Robocop
Detroit,
au XXIème siècle. L'OCP (Omni Consumer Products), une multinationale,
contrôle la police, qui doit faire face à une criminalité qui gangrène
la ville de façon de plus en plus inquiétante. Deux conceptions s'opposent
au sein de la compagnie : celle de Jones, qui a conçu le ED 209, une
machine de guerre destinée à court terme à remplacer les policiers,
et celle de Morton, partisan pour sa part du programme Robocop, mi-homme,
ni-robot. Après un incident fâcheux lors de la démonstration de l'ED
209 (Kinney, un exécutif de la compagnie, est tué froidement), c'est
le projet Robocop qui est retenu et Murphy, une jeune recrue de la police
assassinée par des truands sans scrupules, est désigné pour l'incarner...
C'est sur ce postulat de base
que démarre Robocop, un des films les plus crépusculaires de Paul VERHOEVEN.
A l'occasion de sa récente édition DVD collector (un coffret bourré
de suppléments hautement recommandables), Frames tenait à revenir un
instant sur cette oeuvre majeure du cinéma des années 80.
Constat froid et cynique d'une
société à la dérive, et projection dans le futur hallucinante, Robocop
vaut surtout pour ses scènes de violence parfois insoutenables, qui
instaurent un climat de malaise tout le long du film. Mettant à mal
le spectateur, le film remet aussi (et surtout) en cause bien des certitudes.

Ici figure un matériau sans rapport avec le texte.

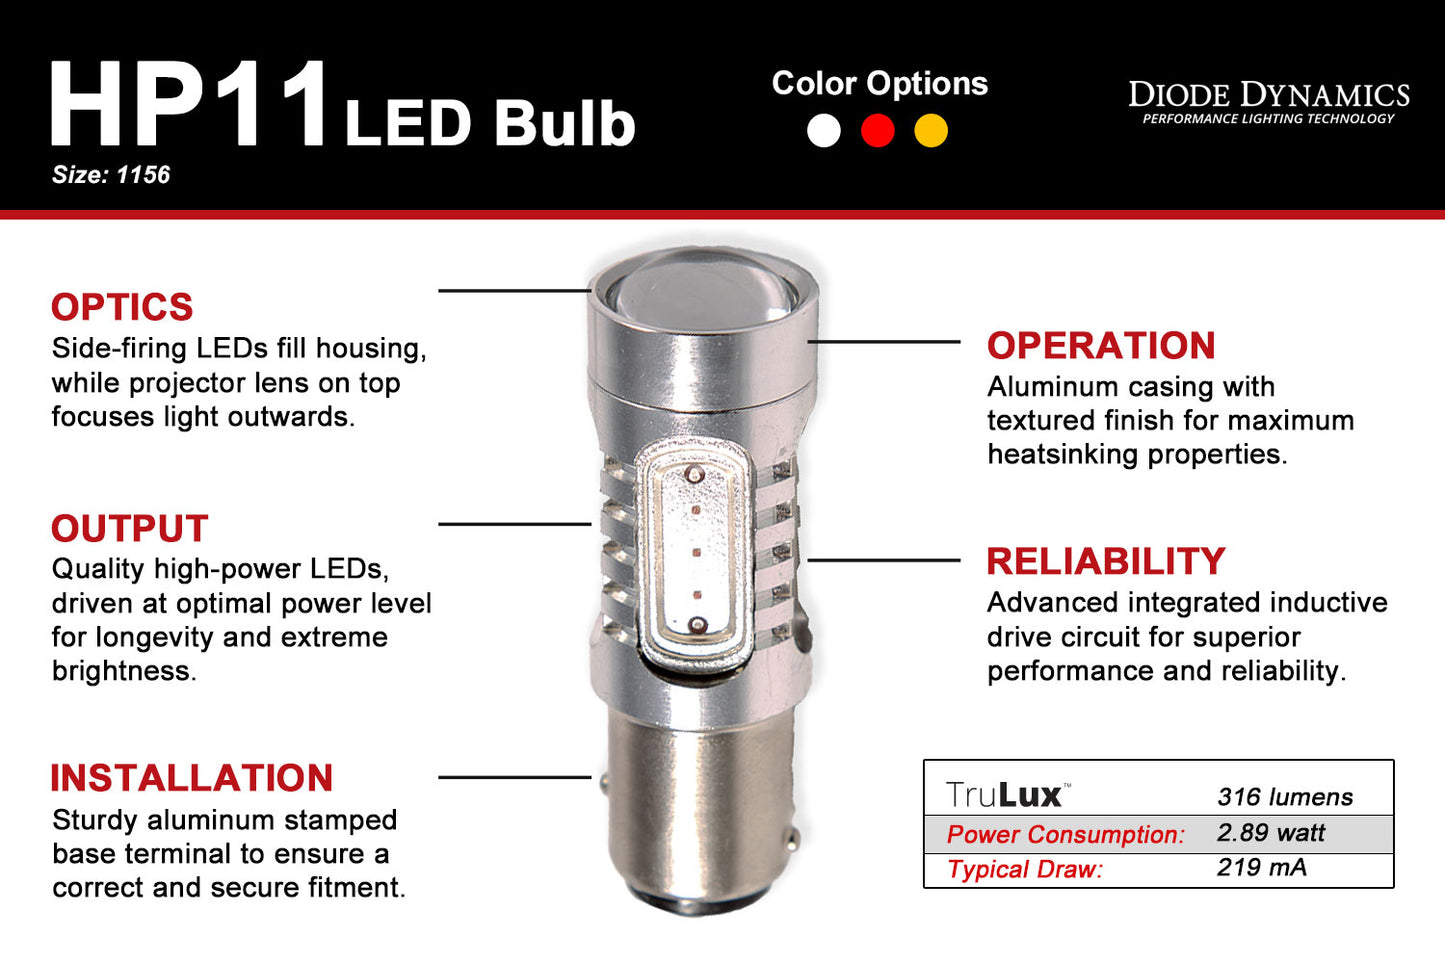 1156 LED Bulb HP11 LED Red Single Diode Dynamics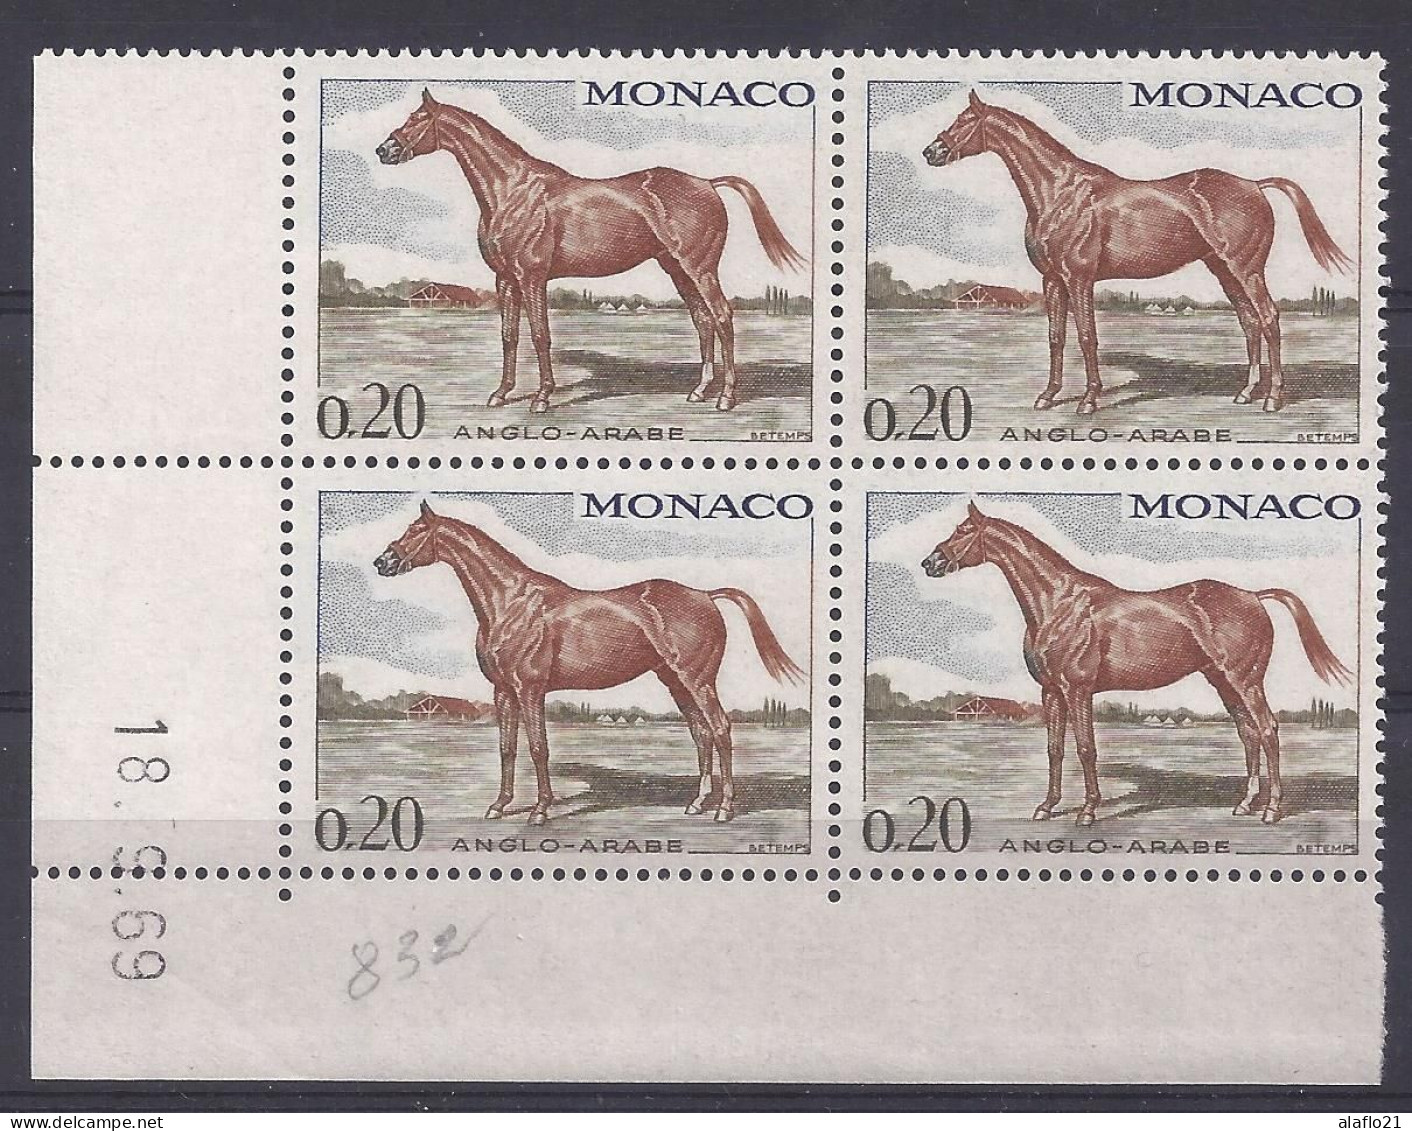 MONACO N° 832 - CHEVAL ANGLO-ARABE - BLOC De 4 COIN DATE - NEUF SANS CHARNIERE - 18/9/69 - Nuovi

A commencer par l'imbécile rigidité du système légal, qui n'autorisera
Robocop à tuer le responsable de tous ses maux qu'à la toute fin du
film, une fois celui-ci viré (une simple phrase prononcée par son supérieur
suffira). La loi mettrait à l'abri de toute arrestation ? Une impunité
révoltante pour un film hautement politisé. Là repose d'ailleurs toute
la dialectique du film : le réalisateur lance une virulente critique
contre la société de consommation et le pouvoir des médias. Peter WELLER,
alias l'agent Murphy/Robocop, parle du film comme "d'une véritable allégorie.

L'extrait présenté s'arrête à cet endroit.